How many get stuck in a cycle of fitness burnout.

Benjamin Thornton

12/19/20252 min read

Working on Capacity

Life is experienced through the filter of your physical and mental capacity. The most mundane tasks can become dangerous when we lack capacity, while the most beautiful settings can be thickly painted over by pain. Thankfully the opposite is true: stressful, high stakes, physically demanding situations can be handled smoothly and sustainably when our mind and body have the resources to work together.

Exercise is supposed to improve the health and capacity of our mind and body. But for many, exercise has become something to help “blow off steam”, improving the way we feel for a short amount of time until the steam builds again. We use all our capacity again and again, without balancing the usage with activities that give us a higher baseline capacity to start with.

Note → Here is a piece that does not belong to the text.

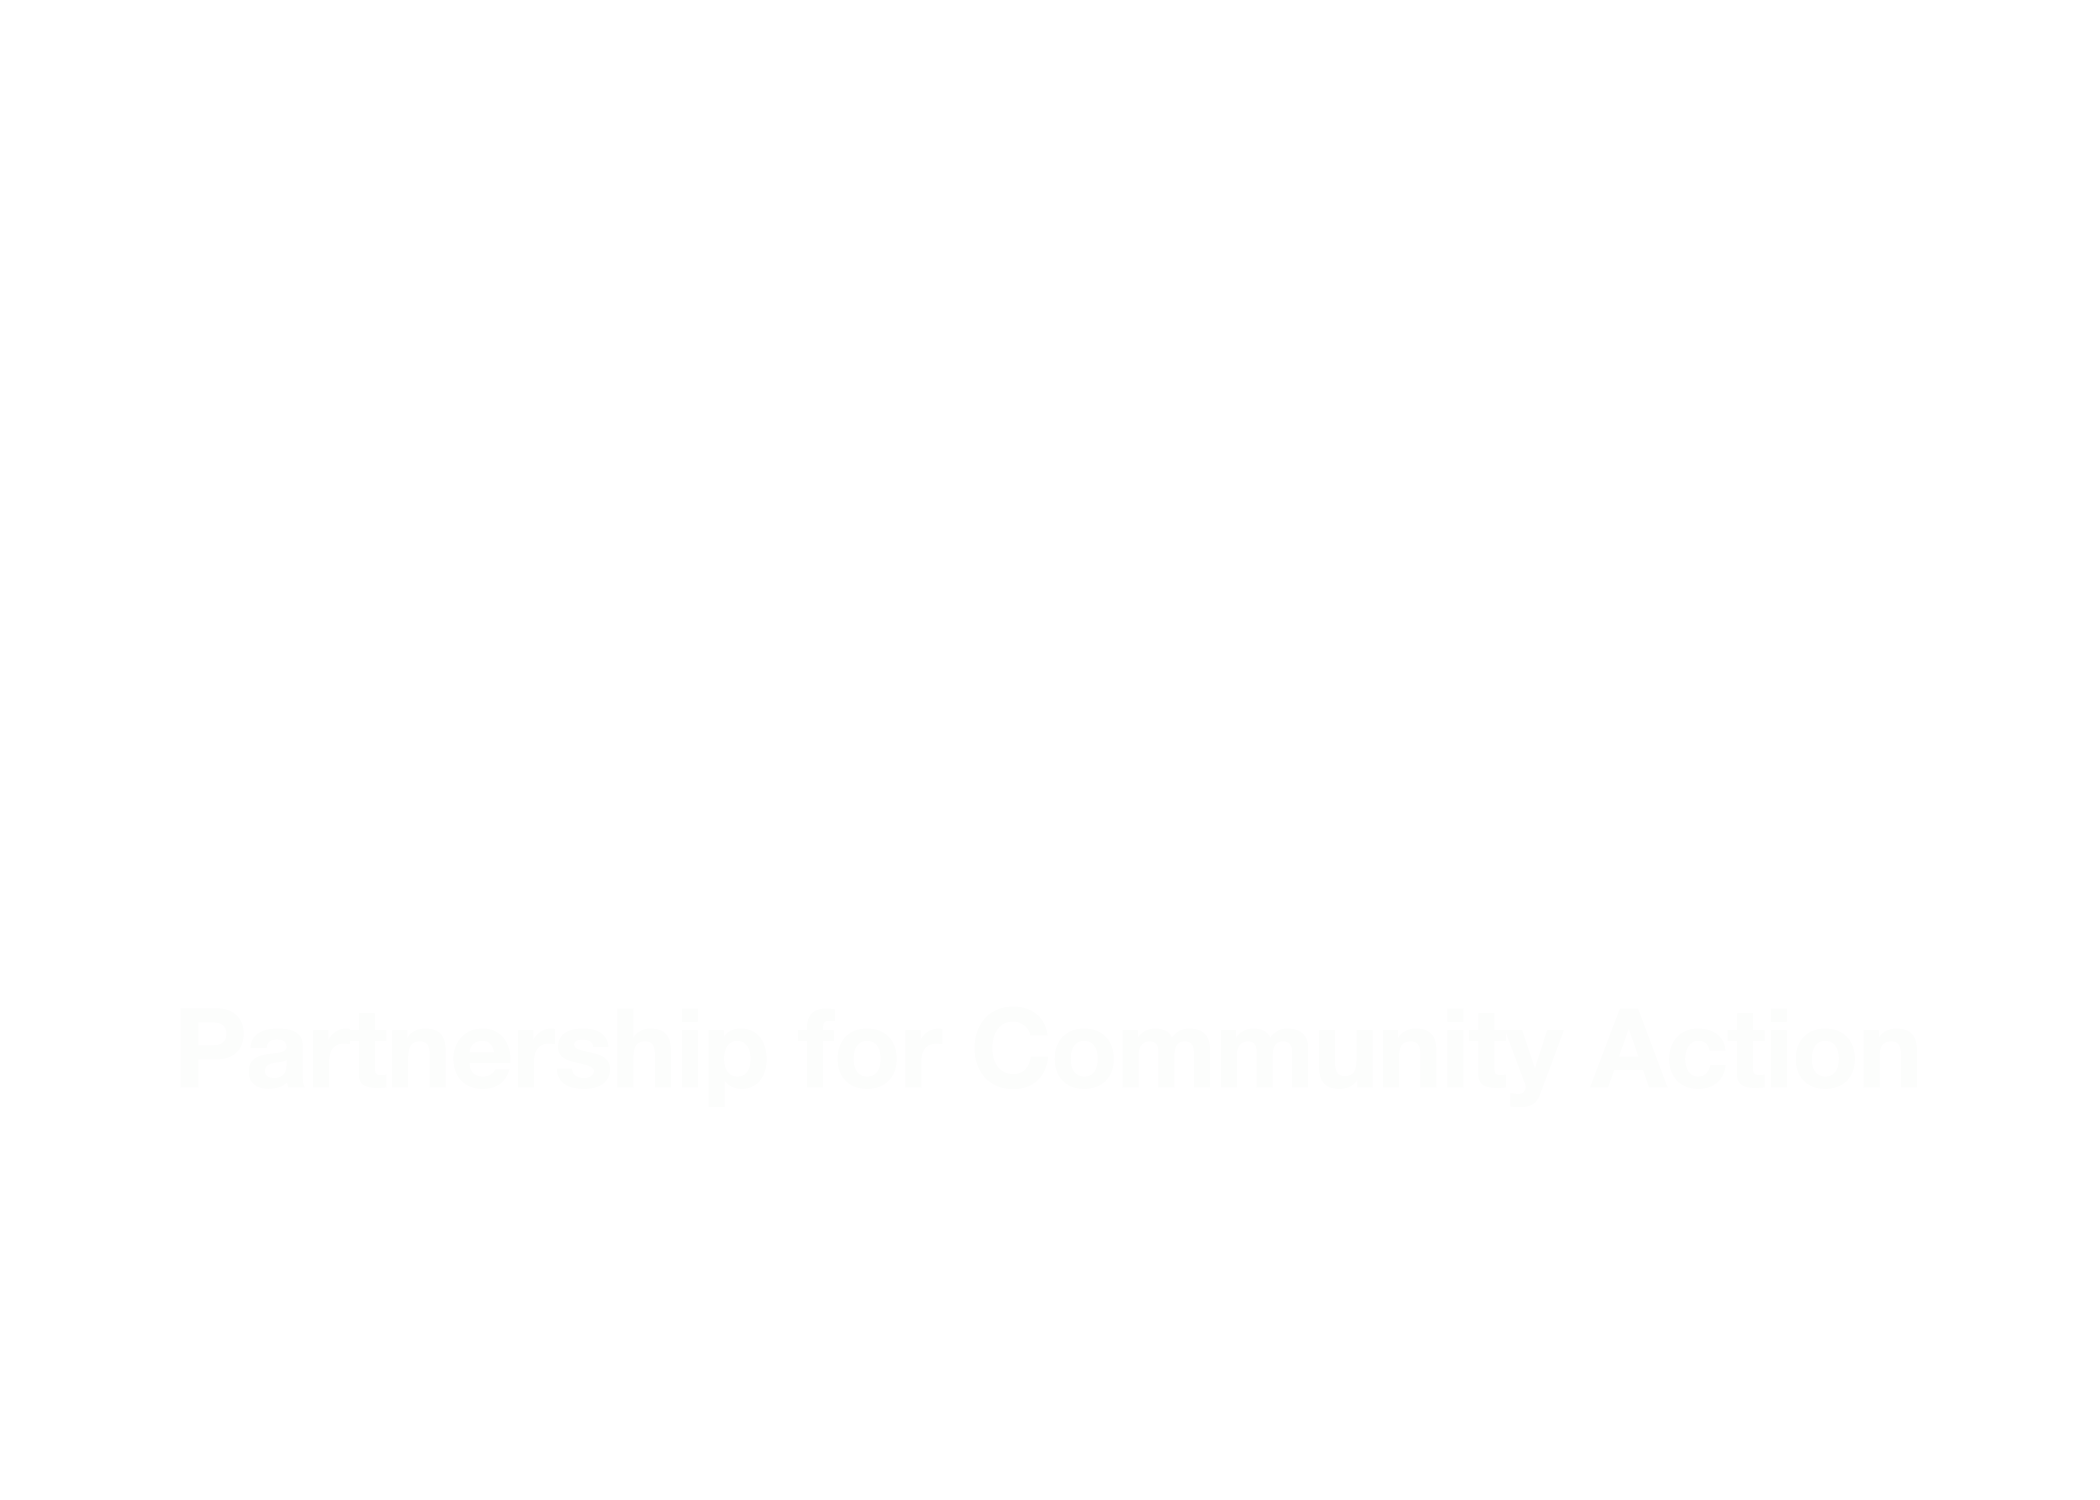 Partnership for Community Action

Fitness enthusiasts can get stuck in a cycle of exhausting themselves, resulting in injuries or burnout leading to large decreases in activity until they recover enough to "train hard" again. Ups and downs are inevitable in life and on the road to progress, but we can learn how to ride these more smoothly and stop taking on mountains that are too steep for us currently.

Learning to be active against stress is what drives adaptation, so exercise is mandatory for building capacity. What goes wrong with exercise is that the type and amount of stress applied to the body does not take into account its current state and capacity, and it revolves around learning to do more instead of learning how to do it more efficiently.

The time you invest into caring for your health will yield the most rewards when it’s treated as an important time for self-reflection and development. There’s often, unfortunately, a lack of learning in one’s fitness journey, as the focus becomes exerting sheer willpower in familiar ways to achieve a predetermined outcome. There’s a belief in the myth of a straight line when it comes to both fitness improvements and injury recovery. Many have discovered that to be far from the truth in their situation.

Having access to passive self-care like massage and chiropractic can be great for supporting healing, as they give people the permission and space to lay down and rest. But many end up relying on these to keep their bodies from falling apart and have yet to learn how to build themselves up to have the capacity for independence. The cycle of feeling good after an adjustment for a short time and then struggling to make it to your next appointment is not one you want to be stuck in.

The most sustainable progress will come when you find the right doses of challenge that you can perform consistently, while allowing enough recovery time in between.